Огневой взвод, которым командовал Саша, окопался во дворе одного из кирпичных домов на окраине степного города. Саша примостился с биноклем в руках у оконного проема. Впереди, на углу улички, испуганно съежилось молодое деревцо. Тонкие ветви его были покрыты сухой пылью и гарью. При каждом новом разрыве снаряда деревцо металось, будто хотело сорваться со своего открытого места. Даже в минуты затишья по его увядавшим листьям проносилась едва уловимая нервная дрожь.

Саша время от времени смотрел на это незащищенное дерево. Ему хотелось, чтобы оно оставалось целым и невредимым.

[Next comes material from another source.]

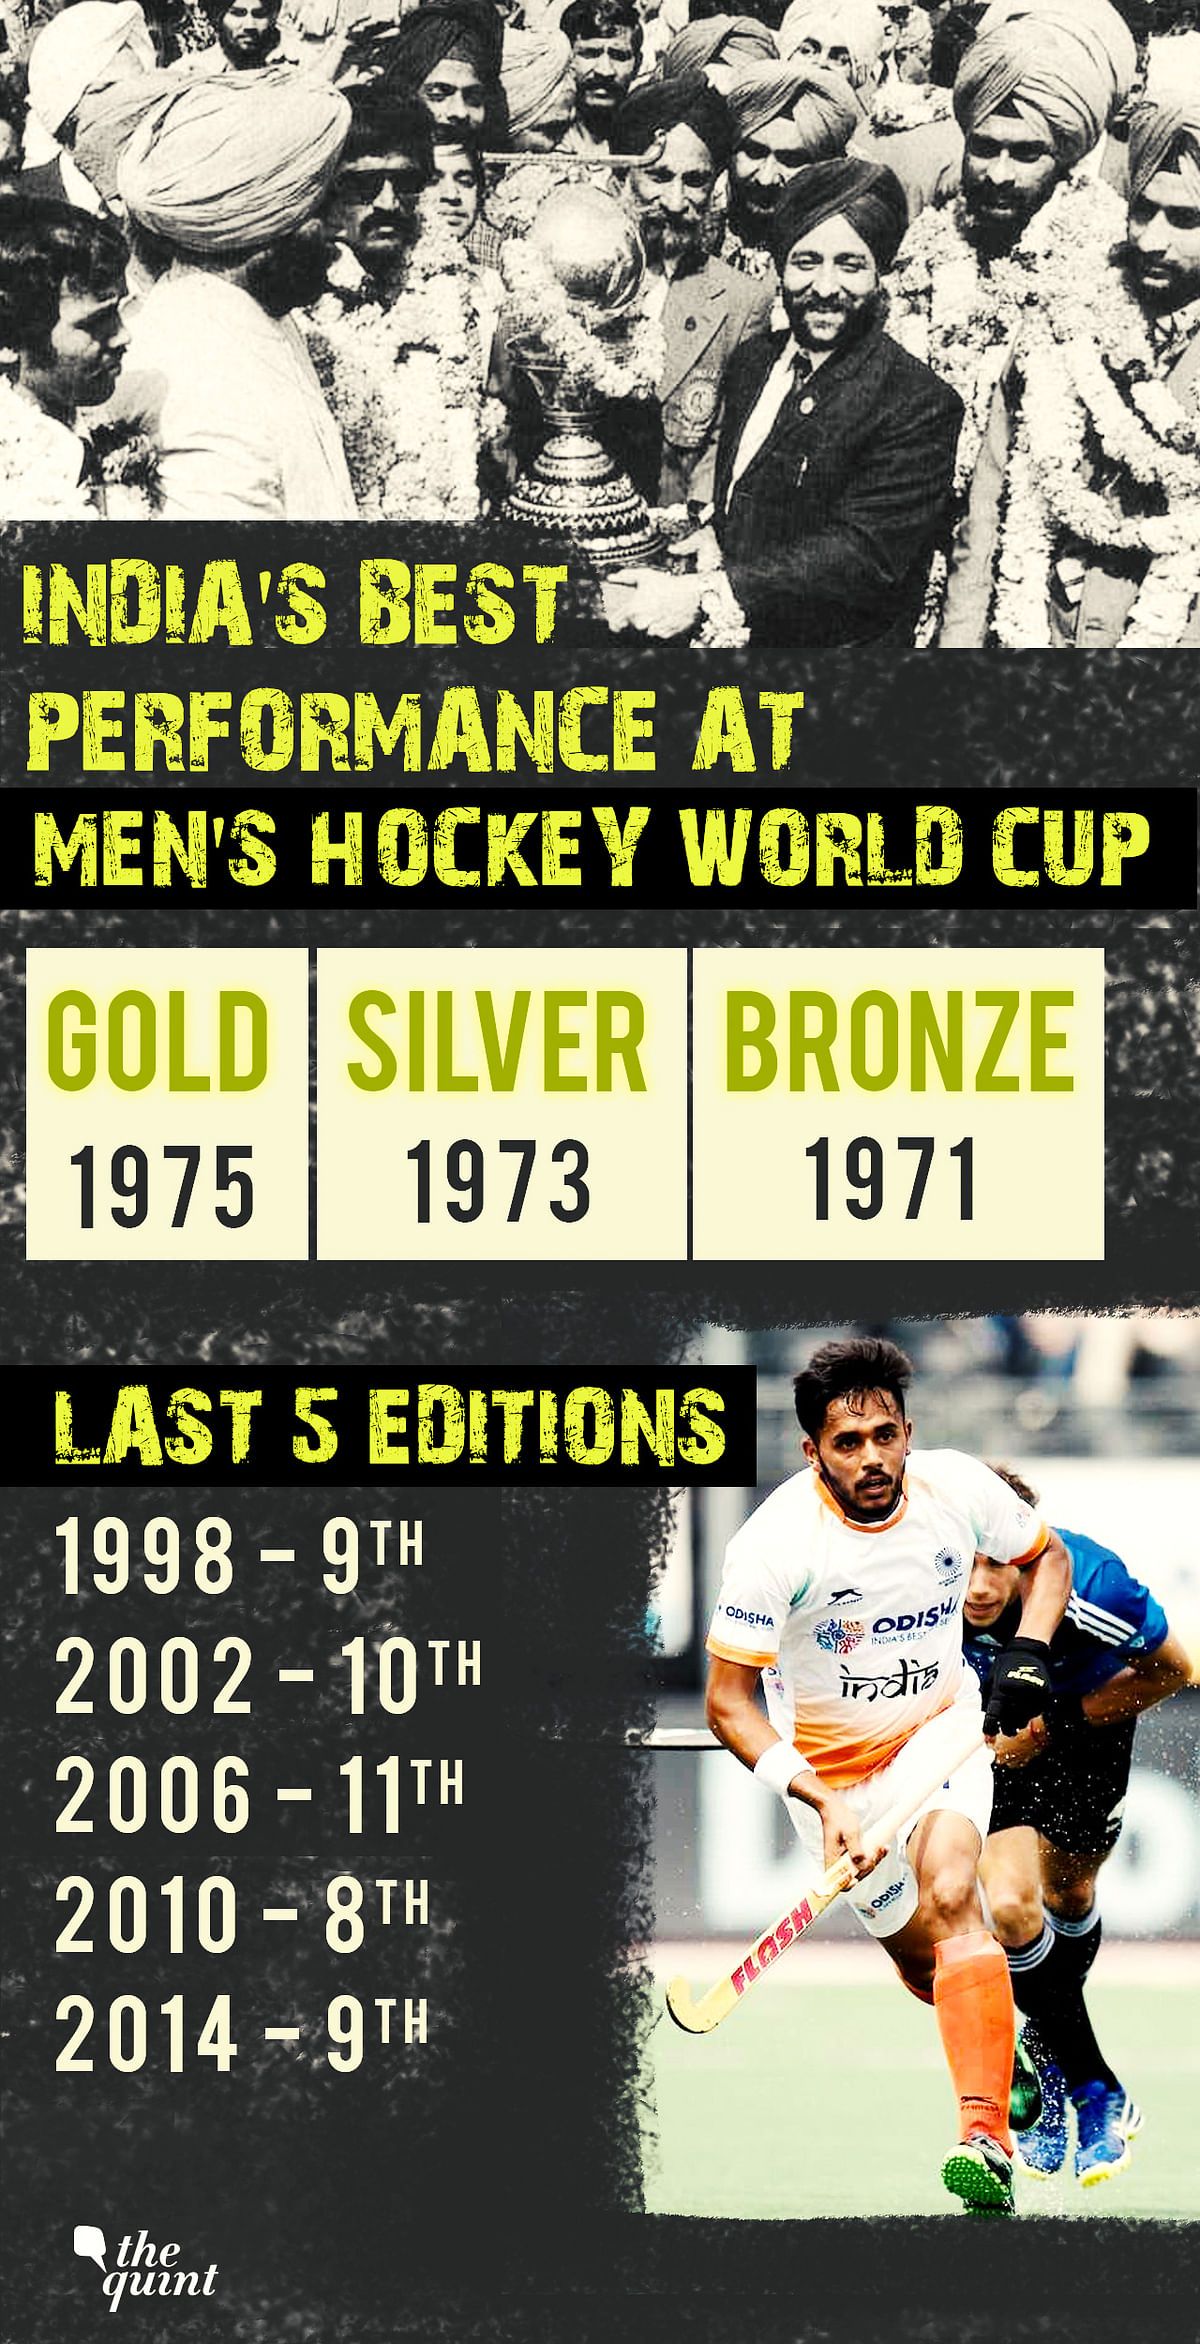 The 1975 edition is the first, and only time that the Indian men’s hockey team won the World Cup title. 
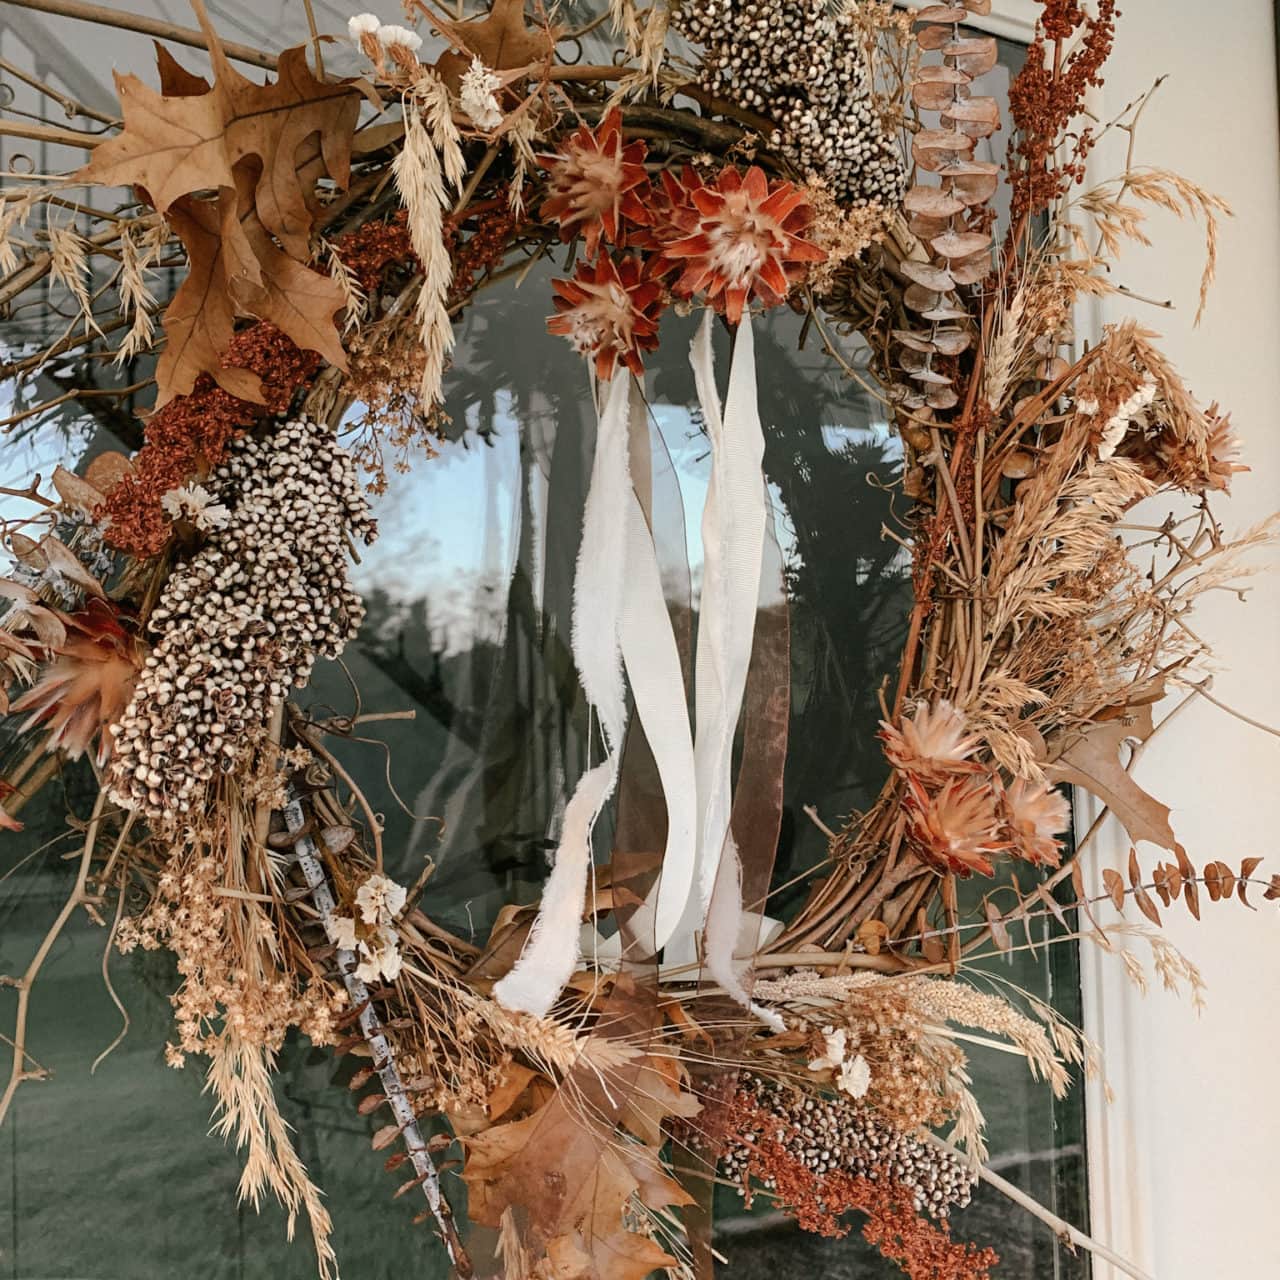 Dried Floral Wreath Used as Easy and Affordable Fall Decor

— Хороша банька, — подсел к нему старшина Шленчак. Он приехал сюда вместе с выпускниками и был назначен парторгом батареи. — Березового веничка недостает.

Саша промолчал. Отсюда, с перекрытия второго этажа, хорошо просматривалась часть улицы и вся окраина. Крытая грузовая машина в дальнем переулке остановилась, и из нее торопливо выпрыгнули немецкие солдаты. Один из них, рослый, неуклюжий, выхватил из кармана брюк маленькую губную гармошку и заиграл веселенькую мелодию. Двое других, поменьше ростом, стройные и чуть франтоватые парни, принялись кривляться и кричать, притопывая тяжелыми сапогами.

Саше стало не по себе. Странно было здесь, где в уши беспрерывно врывались грохочущие, оглушительные звуки, слышать мелодию незамысловатой немецкой песенки.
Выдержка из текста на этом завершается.